Em 2021, com base nas provas reunidas em inquérito policial e por servidores do Cras, o MPT ouviu os irmãos e as assistentes sociais envolvidas no resgate e ajuizou uma Ação Civil Pública (ACP) para pedir a condenação dos réus ao pagamento de indenizações por danos morais coletivos, danos materiais e danos morais individuais sofridos pelas vítimas, e para exigir o cumprimento de inúmeras obrigações, como o reconhecimento do vínculo de emprego rural de Maurozã e Marinalva (1998 a 2020) e de Rafael da Silva (2010 a 2020); a anotação da Carteira de Trabalho e Previdência Social (CTPS); e o pagamento de todas as verbas trabalhistas e rescisórias devidas. O MPT também requereu o pagamento de indenização por danos materiais a Marinalva, em valor correspondente a todos os seus Benefícios de Prestação Continuada (BPC) sacados e apropriados indevidamente de maio de 2000 a novembro de 2020.

A Justiça do Trabalho chegou a conceder ao MPT uma liminar de tutela provisória de urgência de natureza cautelar, com o objetivo de indisponibilizar o patrimônio dos exploradores e resguardar os valores para a reparação devida. Em sede de tutela de direitos difusos e coletivos em sentido estrito, o Parquet pediu ao Juízo a declaração da submissão dos três trabalhadores à condição análoga à de escravo e a condenação da primeira e segunda exploradoras (Odete e Vera) em obrigações de fazer, não fazer e pagar, com eficácia em todo o estado de Mato Grosso, e fixação de multa.


Acordo

Após anos de tramitação na Justiça do Trabalho, as partes envolvidas chegaram a um acordo. A conciliação foi homologada em audiência realizada no dia 23 de outubro, na Vara do Trabalho de Barra do Garças.

Os exploradores deverão anotar na CTPS das vítimas o período de 08/11/1998 a 03/03/2020, no caso de Marinalva e Maurozã; e o período de 21/12/2010 a 11/02/2020, no caso de Rafael, na função de serviços gerais, com remuneração de um salário mínimo nacional. Além disso, foi expedido alvará para liberação do seguro-desemprego.

Os empregadores reconheceram a dispensa sem justa causa e se comprometeram a cumprir todas as obrigações de fazer e de não fazer descritas na petição inicial, sob pena de multa.

Para pagamento da indenização dos direitos trabalhistas e dos danos causados aos trabalhadores, os donos da fazenda concordaram em vender o equivalente a um alqueire de terras, no prazo de até 90 dias. Os termos da venda serão informados no processo, assim como a proposta de pagamento. Ao final dos 90 dias, caso não apareçam interessados na compra das terras, será realizada a penhora de um alqueire, o qual será vendido judicialmente.

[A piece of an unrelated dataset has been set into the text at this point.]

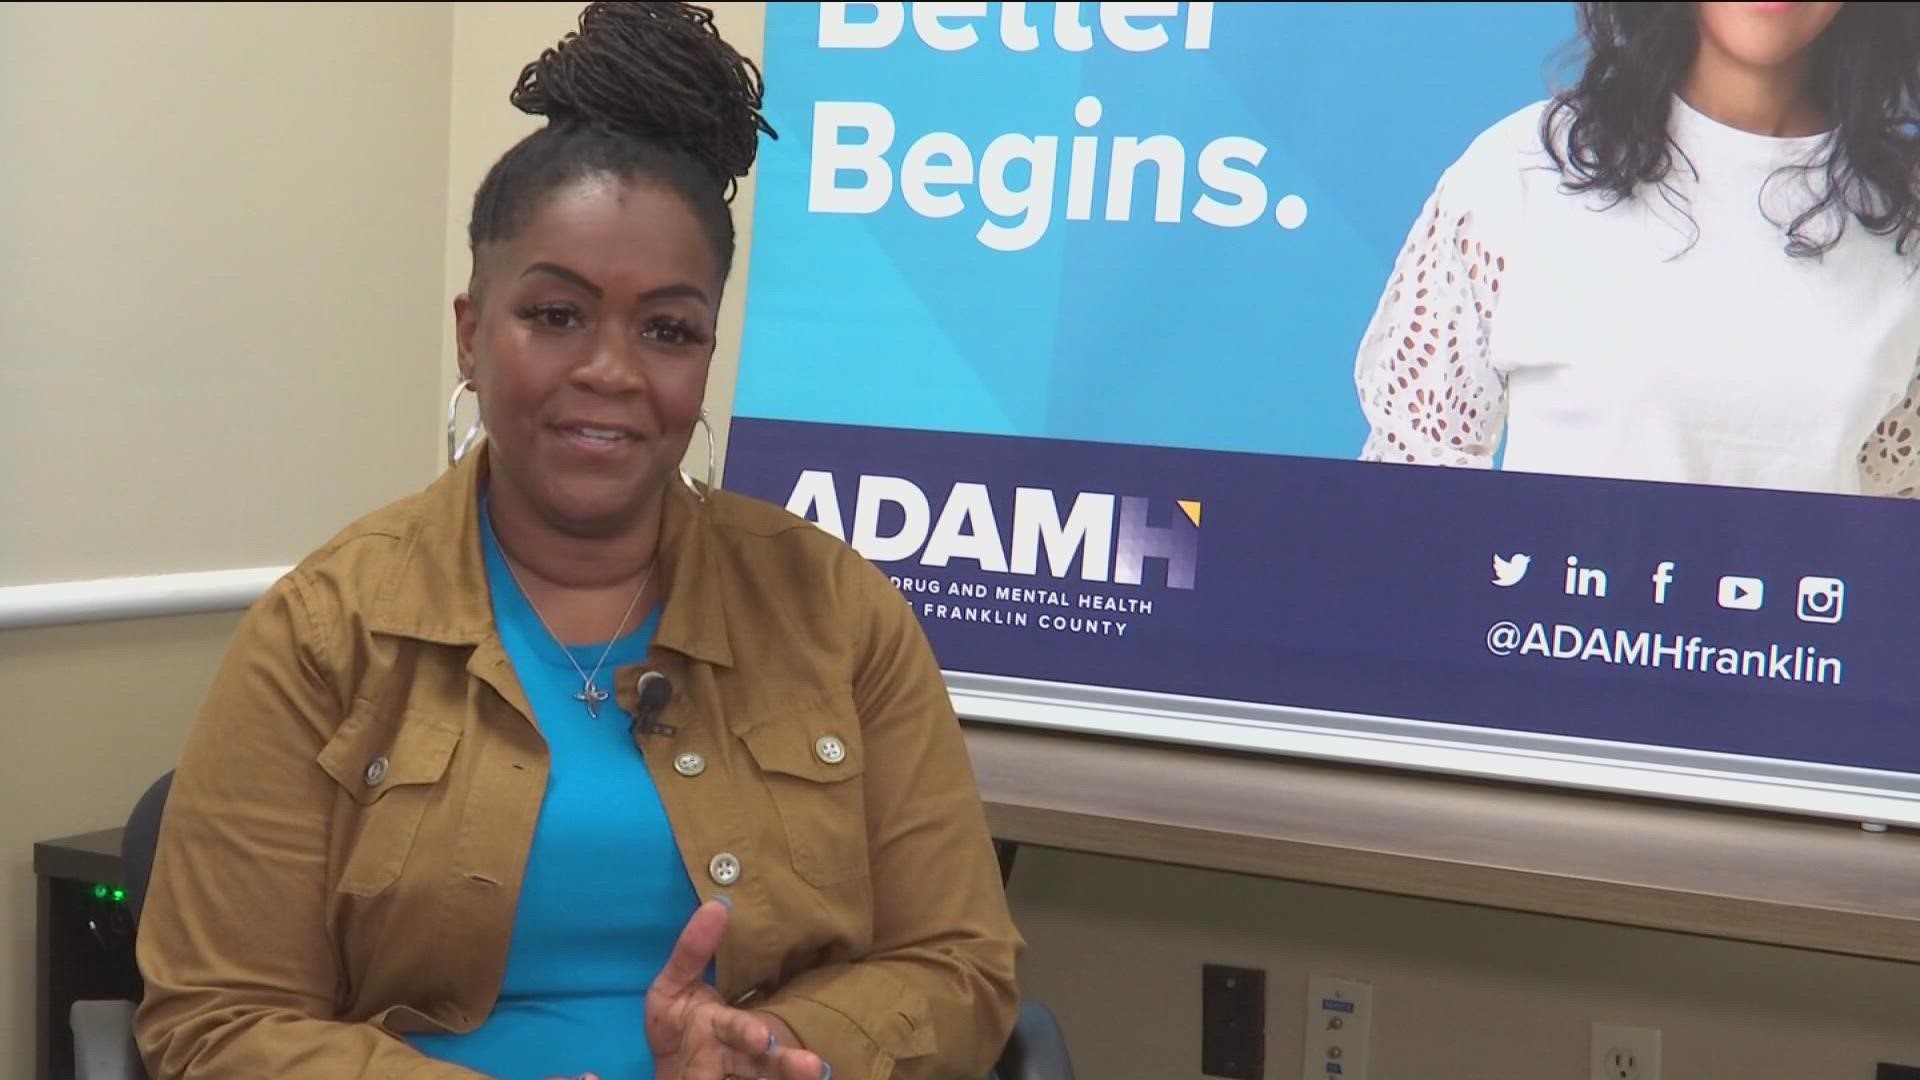 Kiona Dyches, from our sister station WBNS in Columbus, went to a mental health expert for answers on how to spot the warning signs and help work through issues.

Do valor total obtido, 35% serão destinados à Marinalva, 35% a Maurozã e 15% a Rafael. Os outros 5% serão utilizados no pagamento dos recolhimentos previdenciários da contratualidade.

A título de danos morais coletivos, serão destinadas mensalmente, pelo período de 12 meses, duas cestas básicas para a Escola Municipal de Educação Infantil (EMEI) Isaías Pereira dos Santos, da cidade onde o resgate ocorreu. Para cada descumprimento, haverá aplicação de multa mensal, a ser revertida em favor da unidade escolar beneficiada.

Assistência e acolhimento

O Cras retirou os irmãos Santos da Fazenda Canoeiro, providenciando-lhes moradia e documentação. Também recuperou o cartão do Benefício de Prestação Continuada (BPC) de Marinalva e, dada a sua inaptidão financeira, administrou-o por um tempo em benefício dela. Maurozã foi inscrito no Programa Bolsa Família. Ambos residiram por algum tempo em um imóvel providenciado pela Prefeitura Municipal de Pontal do Araguaia, no programa de aluguel social da Secretaria Municipal de Assistência Social, e recebiam visitas domiciliares semanais da equipe multiprofissional do Cras.

Reencontro emocionante

Após o resgate, em 2019 e 2020, o Cras acolheu os irmãos, que foram mantidos  até 2021 pela Prefeitura de Pontal do Araguaia e acompanhados de perto por assistentes sociais, as vítimas foram encontradas por um irmão que vive em Goiás, do qual foram separados na infância.